Well it's not to set things up like adding Homebrew to a Wii to see if Homebrew works. Just to check the Firmware version, and other things on it.

But now I may kind of be seeing a problem with buying Pre Owned ones. Which they may be sold in plastic cases that hold air inside it. Like one of these things



 
Obviously they wouldn't look the same, but it's basically made out of yellow paper incasing the 3DS so no damage is caused. Do they sell them unboxed on a shelf as well?


----------



## wormdood (Jul 16, 2016)

petethepug said:


> problem with buying Pre Owned ones. Which they may be sold in plastic cases that hold air inside it


what are you talking about . . . at gamestop they come in a unsealed  black box labeled recharged "X"
X being whatever console is inside

the only way they would be packed in a envelope like in your pic is if you were buying online and needed it shipped to you


----------



## Viri (Jul 16, 2016)

I do know Pawn Shops allow you to check.
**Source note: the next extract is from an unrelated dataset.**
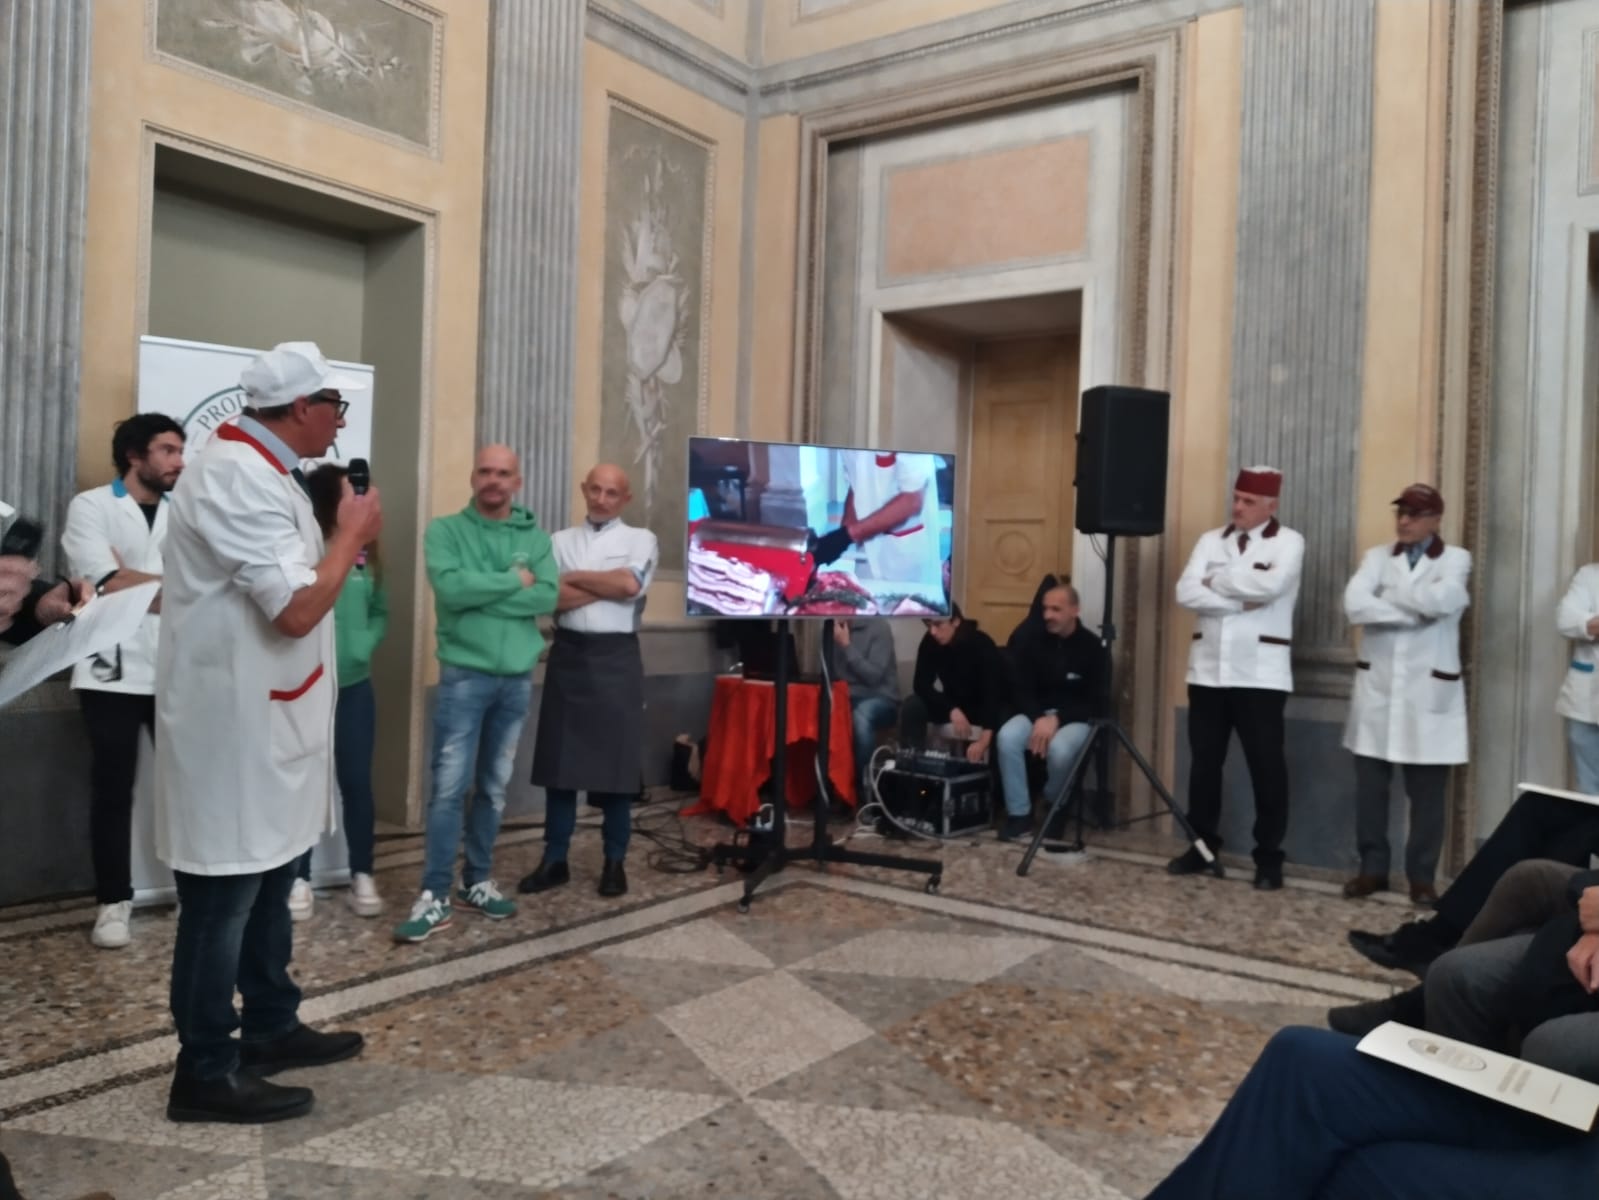 Monza Villa reale presentazione associazione produttori luganega di Monza

When I was trying to find a 4. something firmware 3DS for Gateway years ago, they had no issues with it. Pawn Shops give 0 fucks what you're gonna do with the 3DS, as long as you give them money, and they even offered to drop 20 dollars off it for me.


----------



## petethepug (Jul 16, 2016)

wormdood said:


> what are you talking about . . . at gamestop they come in a unsealed  black box labeled recharged "X"
> X being whatever console is inside
> 
> the only way they would be packed in a envelope like in your pic is if you were buying online and needed it shipped to you


For whatever reason I bought MK7 a few months ago but it was in a container (Sealed Envlope) I have no clue why exactly  but it seems like it's to protect its self which was why I was curious the same applied to hand helds.

Thanks for the help


----------



## wormdood (Jul 16, 2016)

petethepug said:


> For whatever reason I bought MK7 a few months ago but it was in a container (Sealed Envlope) I have no clue why exactly  but it seems like it's to protect its self which was why I was curious the same applied to hand helds.
> 
> Thanks for the help


 . . . they could have had it shipped to them from another gamestop instead of from the refurbishing center


----------



## slaphappygamer (Aug 17, 2016)

I was able to check out the ds lite before I decided to purchase it. I bought it from Amazon (a listing there included an r4). The guy was hella cool. I talked to him for a while, even asked him about the flash cart. He said he wasn't allowed to talk abut them and "knew nothing about them". Walk in "feel out" the employees. Listen to them. Then, after a few minutes talk to the nicest one. It really doesn't hurt to ask, but don't call the store asking. They might feel like they are being setup.


----------